This is my ListenLiveClient configuration:

const connection = this.client.listen.live({
    encoding: 'mulaw',
    sample_rate: 8000,
    model: 'nova-2',
    punctuate: true,
    interim_results: true,
    endpointing: 300,
    utterance_end_ms: 1000,
    language: 'en-US',
    smart_format: true
})

I am sending audio from twilio (G.711 u-law 8kHz, base64-encoded) to the listen live client, and receiving transcription events.

Expected behavior

What would you expect to happen when following the steps above?

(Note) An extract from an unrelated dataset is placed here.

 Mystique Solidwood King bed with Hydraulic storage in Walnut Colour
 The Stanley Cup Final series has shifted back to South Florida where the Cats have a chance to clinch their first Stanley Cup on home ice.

I expect to receive intermediate / interim transcriptions, and then a transcription with is_final set to true. If speech_final is set to true, then I use the result. if speech_final is set to false, I expect to receive another transcription event in the future that contains speech_final set to true.

To attempt to fix this problem, I attempt to manually request finalization with connection.finalize(), but no speech_final is ever received

Please tell us about your environment

We want to make sure the problem isn't specific to your operating system or programming language.

Other information

Anything else we should know? (e.g. detailed explanation, stack-traces, related issues, suggestions how to fix, links for us to have context, eg. stack overflow, codepen, etc)

lukeocodes commented 3 weeks ago

This is a usage problem and not an SDK issue so I will close this ticket.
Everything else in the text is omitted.